IV. Modifying Host Risk for Infection
A. Increasing Host Defense against Infection: Administration of immune modulators
1. Pneumococcal vaccination.
Vaccinate patients at high risk for severe pneumococcal infections
a. Administer the 23-valent pneumococcal polysaccharide vaccine to persons aged >65 years; persons aged 5--64 years who have chronic cardiovascular disease (e.g., congestive heart failure or cardiomyopathy), chronic pulmonary disease (e.g., chronic obstructive pulmonary disease [COPD] or ermphysema, but not asthma), diabetes mellitus, alcoholism, chronic liver disease (e.g., cirrhosis), or cerebrospinal fluid (CSF) leaks; persons aged 5--64 years who have functional or anatomic asplenia; persons aged 5--64 years who are living in special environments or social settings; immunocompromised persons aged >5 years with HIV infection, leukemia, lymphoma, Hodgkin's disease, multiple myeloma, generalized malignancy, chronic renal failure, nephrotic syndrome, or other conditions associated with immunosuppression (e.g., receipt of HSCT, solid-organ transplant, or immunosuppressive chemotherapy, including long-term systemic corticosteroids); and persons in long-term--care facilities (IA).
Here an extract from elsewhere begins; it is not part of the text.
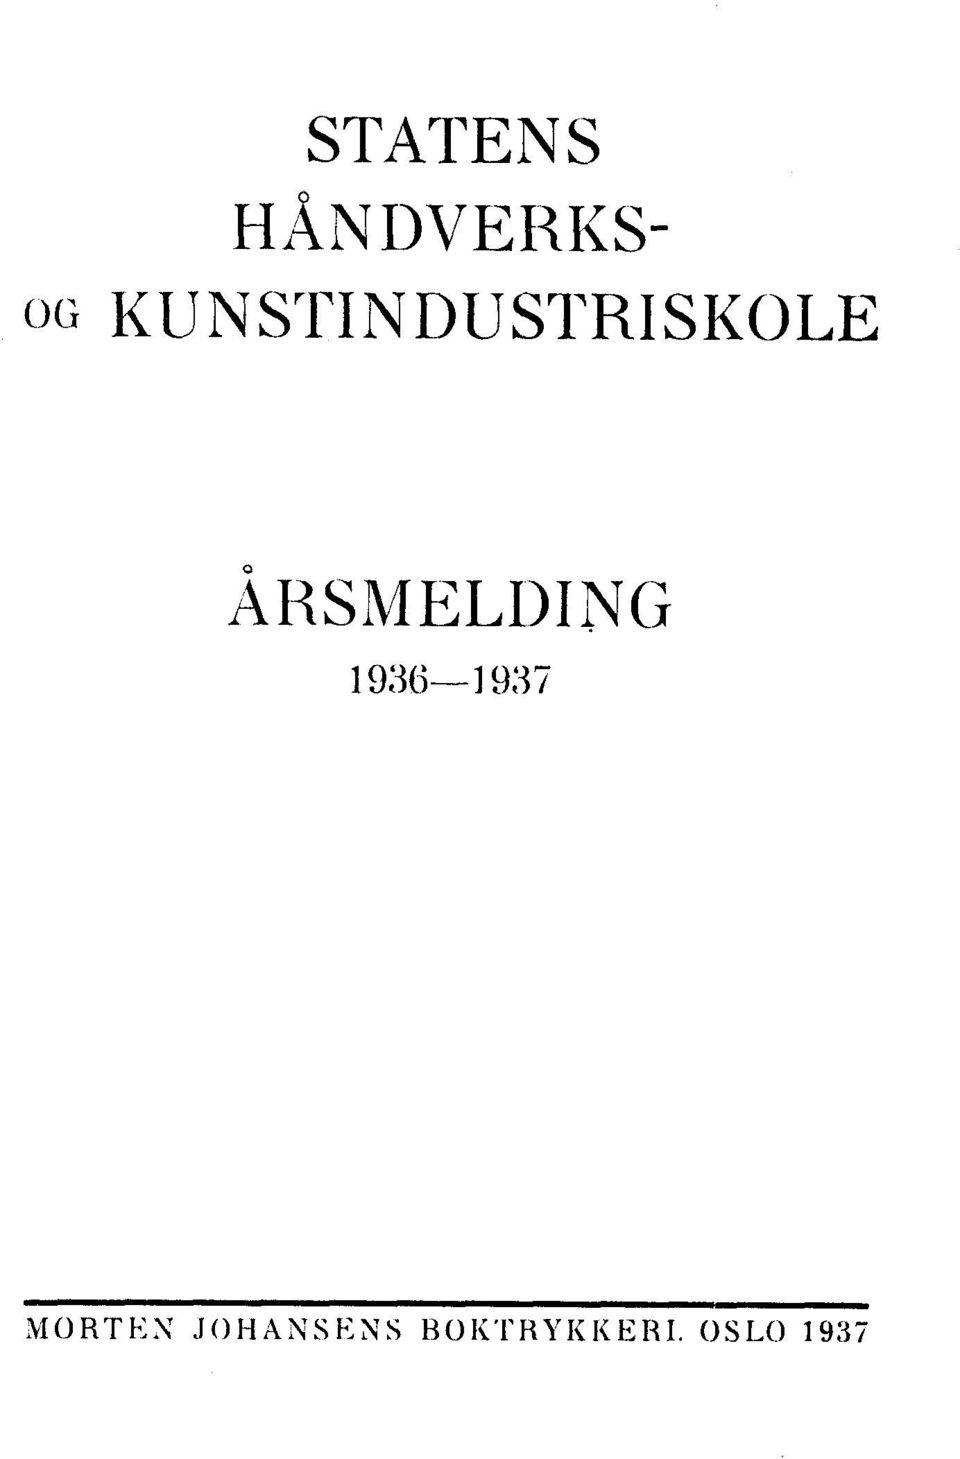 ÅRSMELDING 1936-1937
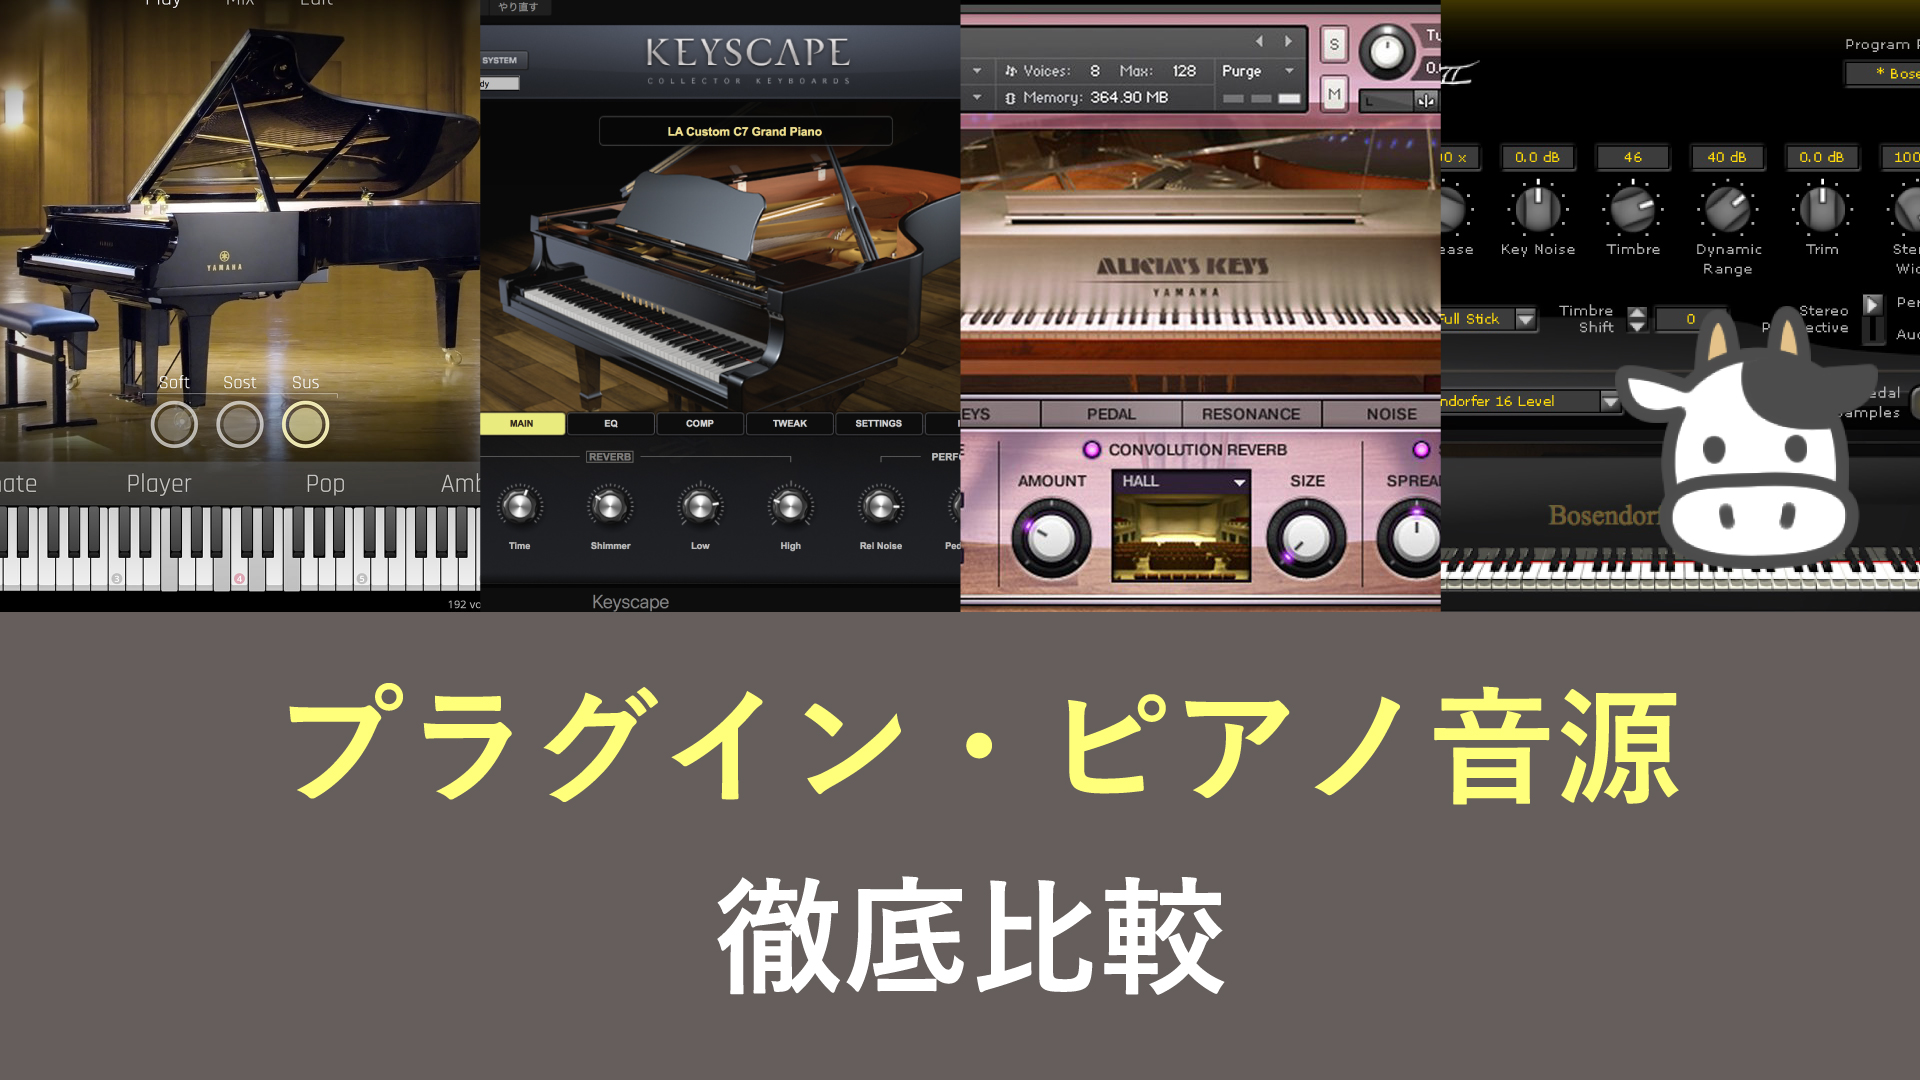 Cfx Ivory Ii Keyscape Qlp 4つのピアノ音源 他も を徹底比較 岩崎将史のブログ

b. Administer the 7-valent pneumococcal polysaccharide protein-conjugate vaccine to all children aged <2 years and to children aged 24--59 months who are at increased risk for pneumococcal disease (e.g., children with sickle-cell disease or other hemoglobinopathies, or children who are functionally or anatomically asplenic; children with HIV infection; children who have chronic disease, including chronic cardiac or pulmonary disease [except asthma], diabetes mellitus, or CSF leak; and children with immunocompromising conditions including malignancies, chronic renal failure or nephrotic syndrome, receipt of immunosuppressive chemotherapy, including long-term corticosteroids, and receipt of solid-organ transplant). Consider administering the vaccine to children aged 24--59 months, with priority to children aged 24--35 months, children who are American Indians/Alaska Natives or black, and children who attend group child care centers (IB).
c. In nursing homes and other long-term--care facilities, establish a standing order program (SOP) for the administration of 23-valent vaccine to persons at high risk for acquiring severe pneumococcal infections, including pneumococcal pneumonia (IA).
2. No recommendation can be made for the routine administration of preparations of granulocyte-colony stimulating factor (GCSF) or intravenous gamma globulin for prophylaxis against health-care--associated pneumonia (Unresolved issue).
3. No recommendation can be made for the routine enteral administration of glutamine for prevention of health-care--associated pneumonia (Unresolved issue).